# I just picked up the new LUMEN-ARROWs from Lumenok---- AWESOME!!!!!!!!!!!!!!



## Rut-n-Hard (Aug 22, 2006)

Has anyone else shot these unbelievable LUMEN-ARROWS ? They are made by Lumenok and are the fool proof way to combined toughness , and 100% light up everytime shotability, because of the diameter (tight fit) and the arrows are made for the lumenok it takes a beating and is the brightest lumenok yet and it stays lit longer and has a removable battery! ! ! IT LIGHTS UP EVERY TIME PERIOD!!!!!! This might sound crazy but i have shot lumenoks and other arrows for ten years, but this is the baddest azz combo ever!!!!! LOts of stuff is gonna die in season 2 now!!!!!


----------



## elkski (Feb 4, 2005)

Not to be a naysayer but I don't see why I would want to shoot with a light on my arrow?? I usually get pass through s and find my arrow so how is it going to help me. I have seen them shot at shoots and they look fun for the kids and such but if I add any weight it will be a bigger bH mass. I mean even in Texas hog hunting at night??
Now this might make a neat video but not sure it will help me find an animal.. I look just as hard no matter where I think I hit them.
http://www.youtube.com/watch?v=76m4mtxXLjY


----------



## Rut-n-Hard (Aug 22, 2006)

You da man!!!!! I DARE YOU TO SHOOT ONE JUST ONCE!!! FORGET THAT I DOUBLE DOG DARE YOU!!!!!!!!!


elkski said:


> Not to be a naysayer but I don't see why I would want to shoot with a light on my arrow?? I usually get pass through s and find my arrow so how is it going to help me. I have seen them shot at shoots and they look fun for the kids and such but if I add any weight it will be a bigger bH mass. I mean even in Texas hog hunting at night??
> Now this might make a neat video but not sure it will help me find an animal.. I look just as hard no matter where I think I hit them.
> http://www.youtube.com/watch?v=76m4mtxXLjY


----------



## elkski (Feb 4, 2005)

That is not my hog hunting utube... That is a stud who posts over on Texasboars.com the ultimate hog hunters hang out... I have killed my share and got 2 with a bow this year. One was at 10:30pm on a full moon night and I bet a nock light would have been cool to watch. I don't video my huntsukey:


----------



## Rut-n-Hard (Aug 22, 2006)

there not for specialty shooting or video bro! They are to see where or arrow goes, and also does!!! try it once and you will know what i mean!!!! they should be on every arrow everytime in my opinion!!!!


----------



## Hoythunter01 (Oct 23, 2005)

Eventually the price will go down on them.


----------



## drysmoke (Apr 9, 2008)

*You Like Hog Huntin*

Check out this website it's one of the best I have found for hogs.
www.texashoghunter.com 
Hurry they have a drawing for a Night vision hog Hunt.

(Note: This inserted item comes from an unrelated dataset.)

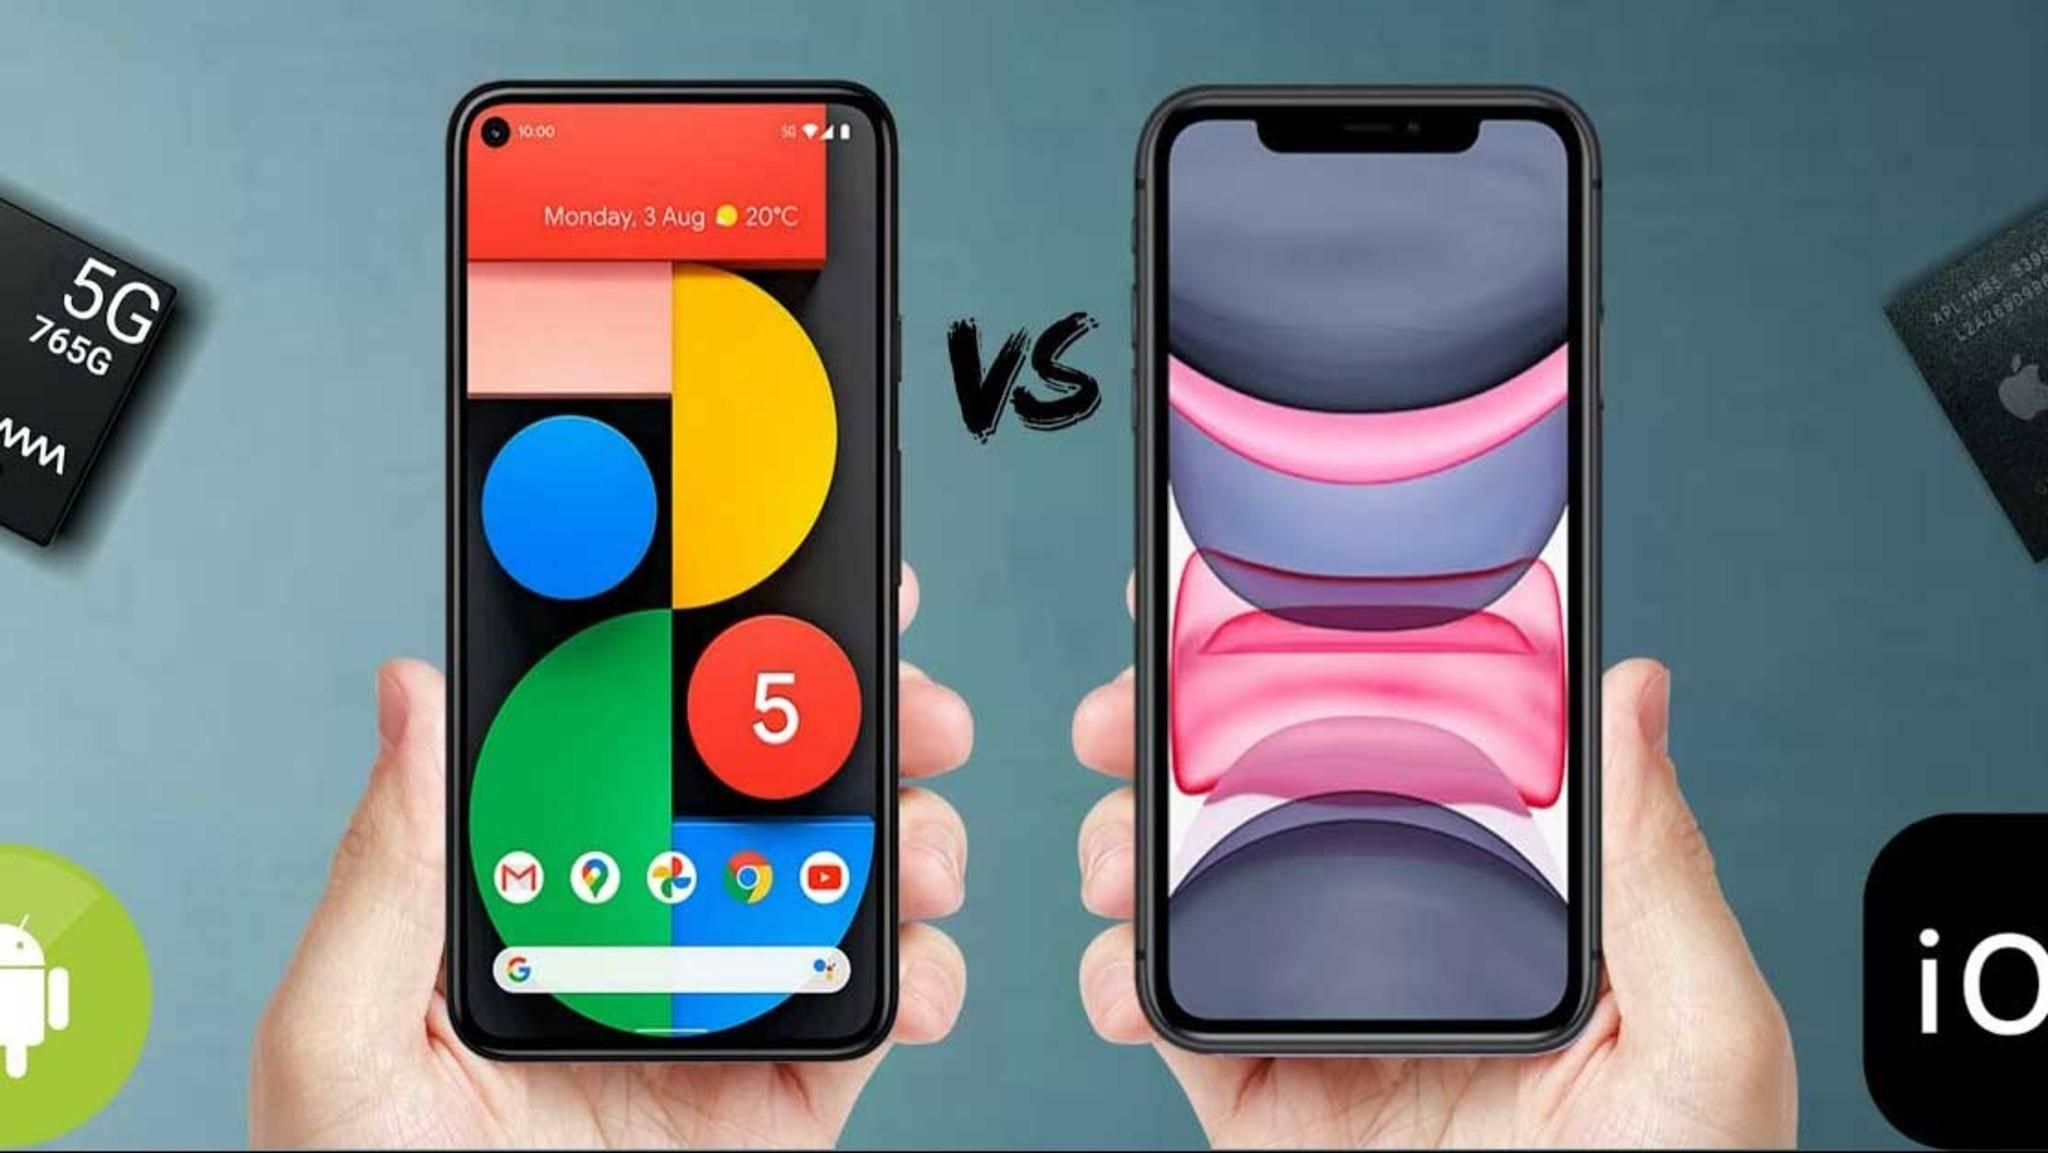 pixel-5-vs-iphone-11

Tell them drysmoke sent you


----------



## oregonelkslayer (Feb 15, 2007)

*wish*

If they were only allowed in my state.:embara:


----------



## Solo Todd (Dec 18, 2003)

Rut-n-Hard said:


> Has anyone else shot these unbelievable LUMEN-ARROWS ? They are made by Lumenok and are the fool proof way to combined toughness , and 100% light up everytime shotability, because of the diameter (tight fit) and the arrows are made for the lumenok it takes a beating and is the brightest lumenok yet and it stays lit longer and has a removable battery! ! ! IT LIGHTS UP EVERY TIME PERIOD!!!!!! This might sound crazy but i have shot lumenoks and other arrows for ten years, but this is the baddest azz combo ever!!!!! LOts of stuff is gonna die in season 2 now!!!!!


 Thats what the man said. I'm sold on them as well.


----------



## bigredtn (May 28, 2009)

does the arrow nock always stay lit untill battery is removed????? it would seem dum as many hunters are up and out 2 hours b 4 light starts 2 apear. Thus drawing attention to the hunter wether he/she bein' in the tree or on the ground.......:mg:


----------



## Lumenok (May 1, 2008)

*How Lumenoks work*



fordkid16 said:


> does the arrow nock always stay lit untill battery is removed????? it would seem dum as many hunters are up and out 2 hours b 4 light starts 2 apear. Thus drawing attention to the hunter wether he/she bein' in the tree or on the ground.......:mg:


Fordkid,
The Lumenok is really a very simple device. It can be turned off very easily, and comes on without any effort besides shooting you arrow. They can be shot hundreds of times, and the new Lumenok Blazer in our Lumen-Arrows features a replacable battery. If you want to know more about how it works, you can veiw videos and read documents on our "HowTo" page at the following:
http://www.lumenok.net/howto.htm 
Lighter, brighter, less complicated and Made in the USA. #1 in lighted arrow nocks. The Burt Coyote Co.

Eric Price


----------



## patriot02 (Aug 10, 2009)

*Lumenok*

Is anyone else aware that Lumenok or any other illuminated style nock disqualifies an archer from the Pope & Young record books. While I am not a trophy only hunter I would be pretty ticked off if I shot an animal that qualified for the books and was denied because of my lighted nock. 


1. No electronic or battery-powered devices shall be attached to the arrow.


----------